The Editorial Executive Committee welcomes letters, which should be less than 250 words. Before a decision to publish is made, letters which refer to a published article may be sent to the author for a response. Any letter may be sent to an expert for comment. When letters are published, they are usually accompanied in the same issue by their responses or comments. The Committee screens out discourteous, inaccurate or libellous statements. The letters are sub-edited before publication. Authors are required to declare any conflicts of interest. The Committee's decision on publication is final.

 

Letter to the editor

Editor, – In their articles on BCG vaccination (Aust Prescr 2003;26:144-6), neither Professor Simpson nor Air Vice-Marshal Short mentioned the potential for tuberculosis control offered by modern tuberculosis-specific tests that are unaffected by BCG vaccination. T-cell mediated immune responses to the tuberculosis-specific proteins ESAT-6 and CFP-10 (proteins not present in BCG or environmental mycobacteria) have been shown to be effective in diagnosing tuberculosis infection in BCG-vaccinated individuals.1,2

Unfortunately, despite intense interest in the literature, the use of tuberculosis-specific antigens in diagnostics has to date been limited by the complexity of the methodologies required to measure T-cell responses. Most methods require T-cell purification, counting, and culture, which are expensive and not suited for reproducible, robust diagnosis. However, the whole blood test, QuantiFERON-TB Gold, has now been released in Australia, after extensive testing overseas found it to have high specificity and sensitivity.

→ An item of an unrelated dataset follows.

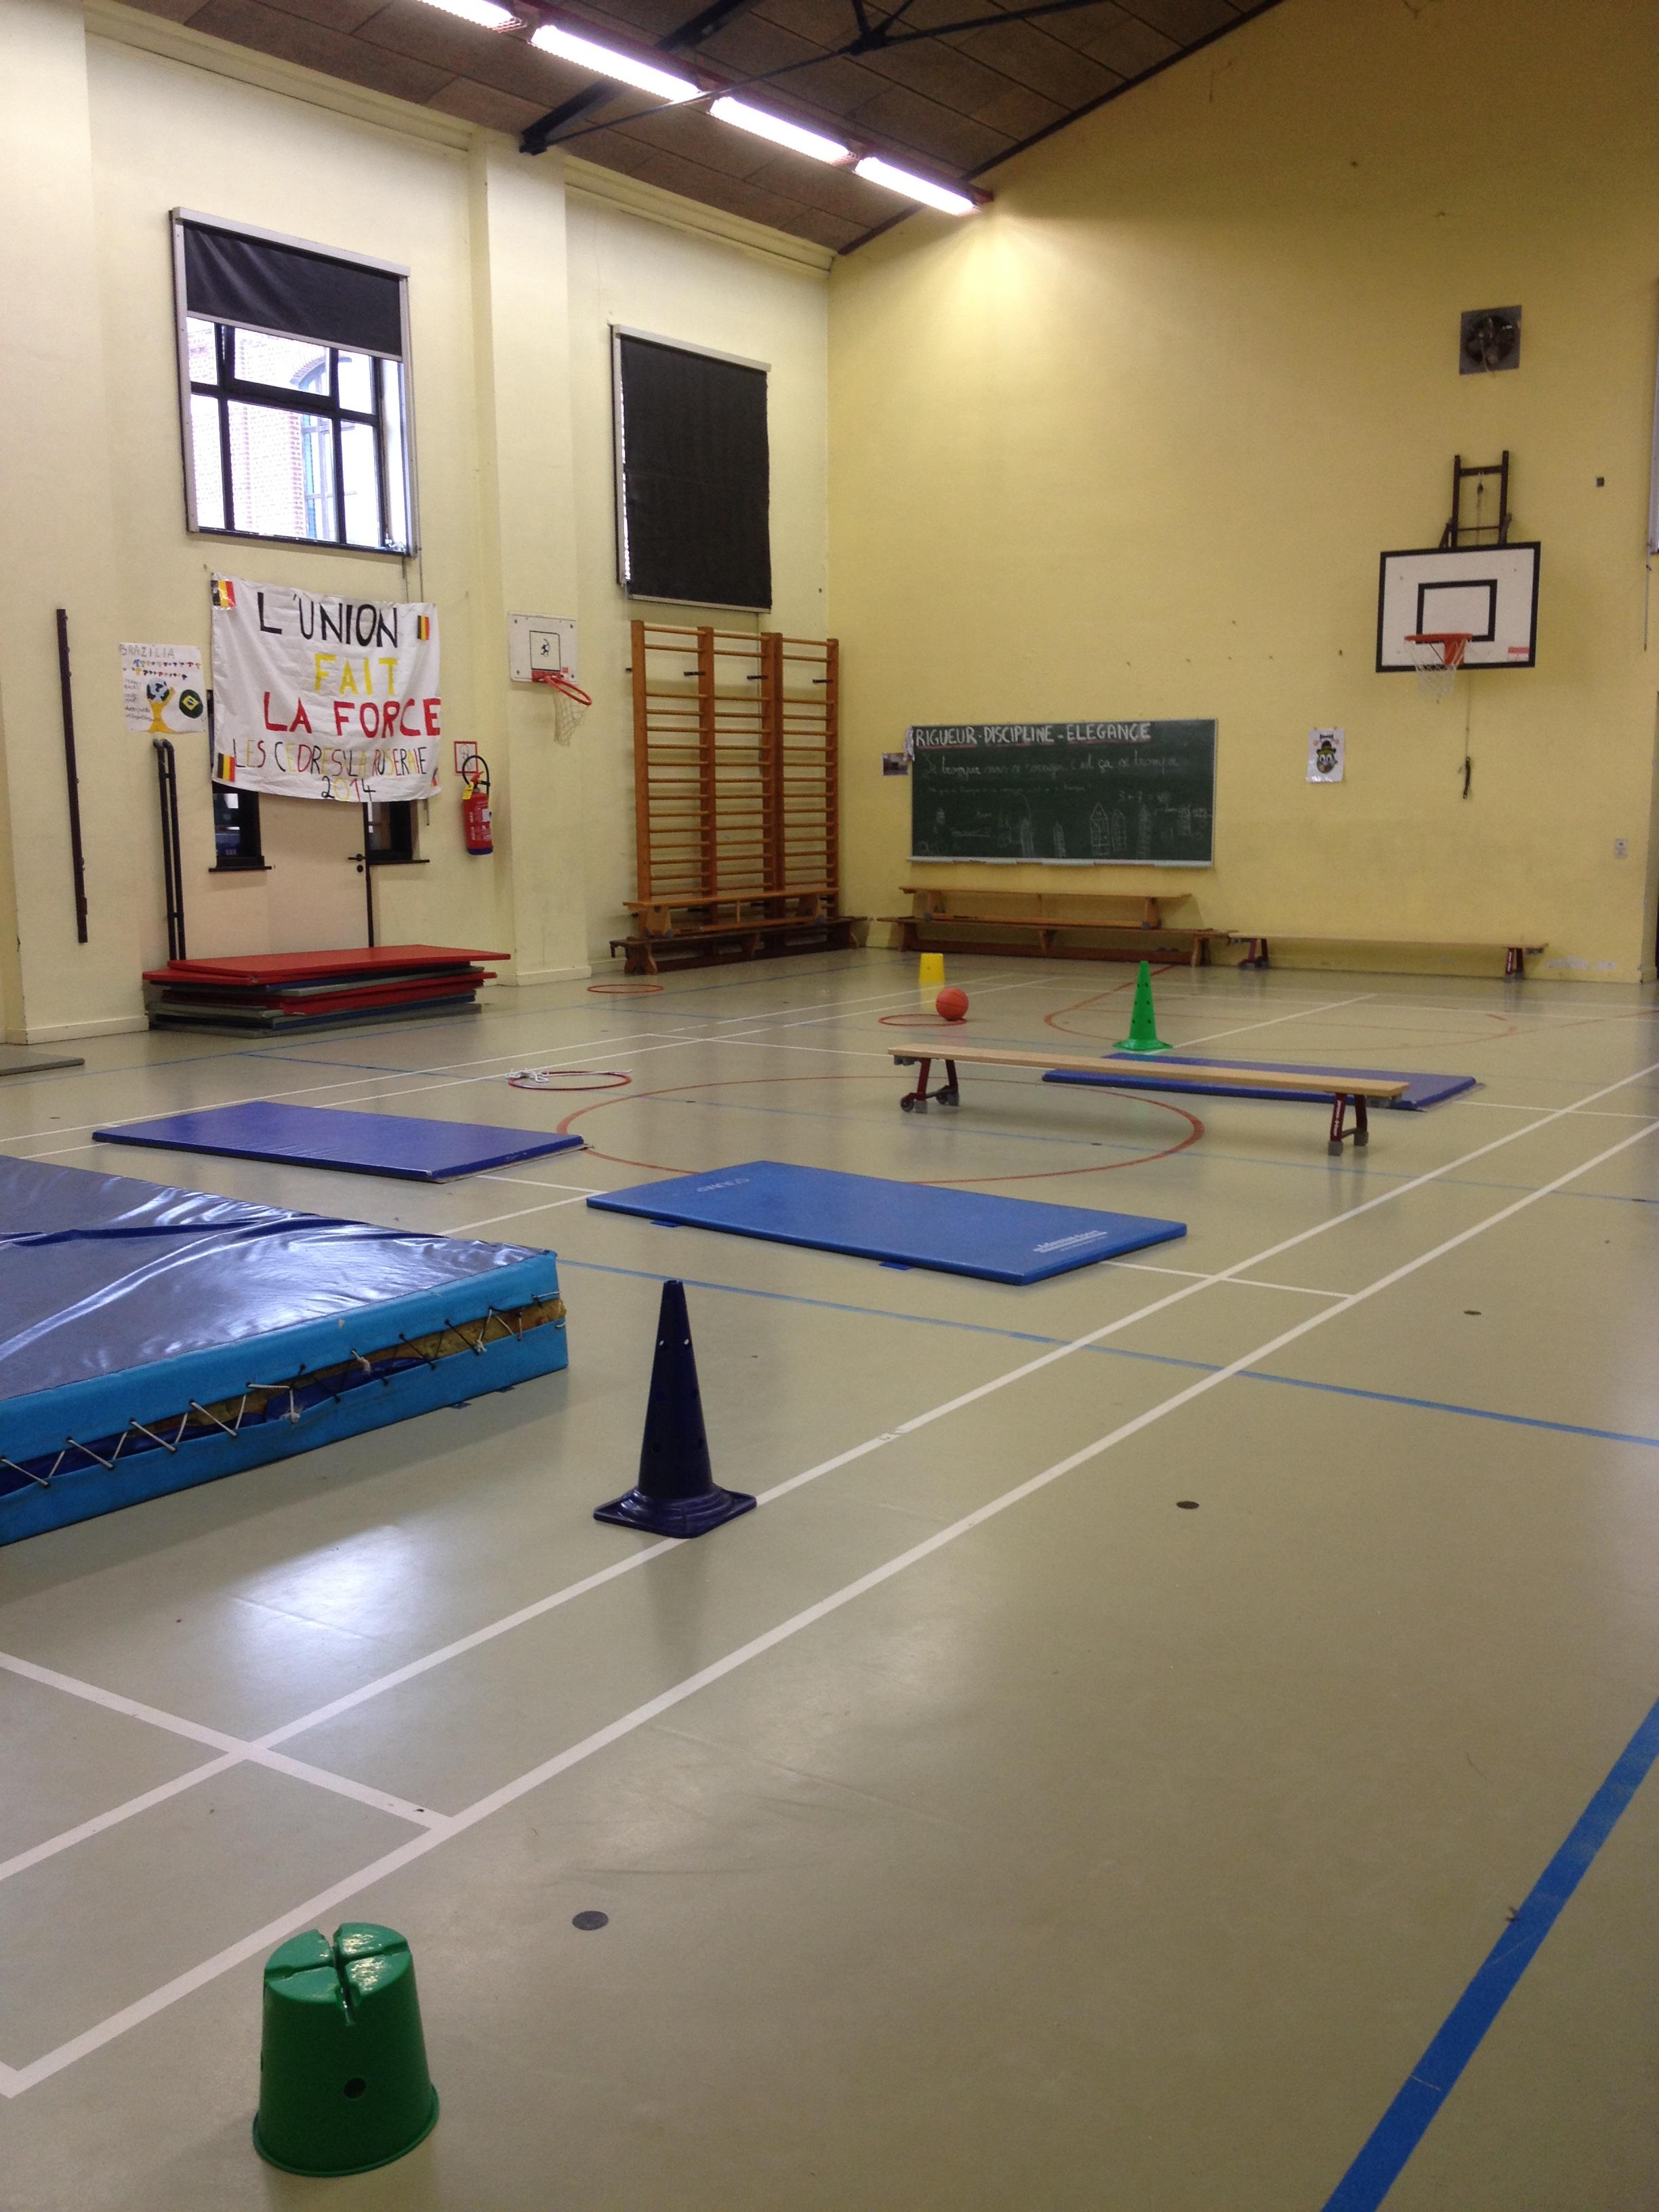 La salle de gymnastique

The Australian Defence Force may also note the US Centers for Disease Control endorses QuantiFERON-TB testing in the military.3 QuantiFERON testing detects significantly more active, infectious tuberculosis cases than Mantoux testing.4 The elimination of the confounding factors of BCG vaccination and sensitisation to non-tuberculous mycobacteria makes the test an even more valuable diagnostic tool.

Tony Radford
Chief Executive Officer/Managing Director
Cellestis Ltd.
Melbourne

(Cellestis are manufacturers of QuantiFERON products)

 

Author's comments

Professor G. Simpson, the author of the article, comments:

I did not discuss some of the newer tests for the diagnosis of latent tuberculous infection as the focus of the article was BCG. The tuberculin skin test (TST) or Mantoux test was mentioned as it is the test specified in current protocols concerned with BCG administration. Dr Radford is correct that the TST is imperfect and there is no doubt that sooner or later more sophisticated tests will replace it. Over the past 110 years however, it has proved remarkably robust and we do have vast amounts of data on outcomes related to TST results. These longitudinal data are not available for the newer tests.

The newer tests (QuantiFERON-TB Gold and ELISPOT) rely on detecting interferon gamma production by T-cells responding to antigens which are found in M tuberculosis, but not in BCG. This theoretically will enable us to remove the confounding effect of prior BCG vaccination from testing for subsequent tuberculosis infection. This is of course irrelevant in the context of pre-BCG vaccination testing. So far there is more published information on ELISPOT than QuantiFERON-TB Gold. In the best study so far5 in a tuberculosis outbreak in the UK the ELISPOT and Heaf test (a form of TST) gave concordant results in 89% of those tested, suggesting that there is limited room for improved diagnostic accuracy with the newer tests. Nevertheless these are exciting developments in tuberculosis diagnosis and further studies including more longitudinal studies are likely to sound the death knell for the oldest diagnostic test in medicine.

 

Letter to the editor

Editor, – I noted with interest the photo illustrating the article 'BCG vaccine in Australia' (Aust Prescr 2003;26:144-6). What has happened to universal infection control precautions - surely the person administering the injection should have been wearing gloves?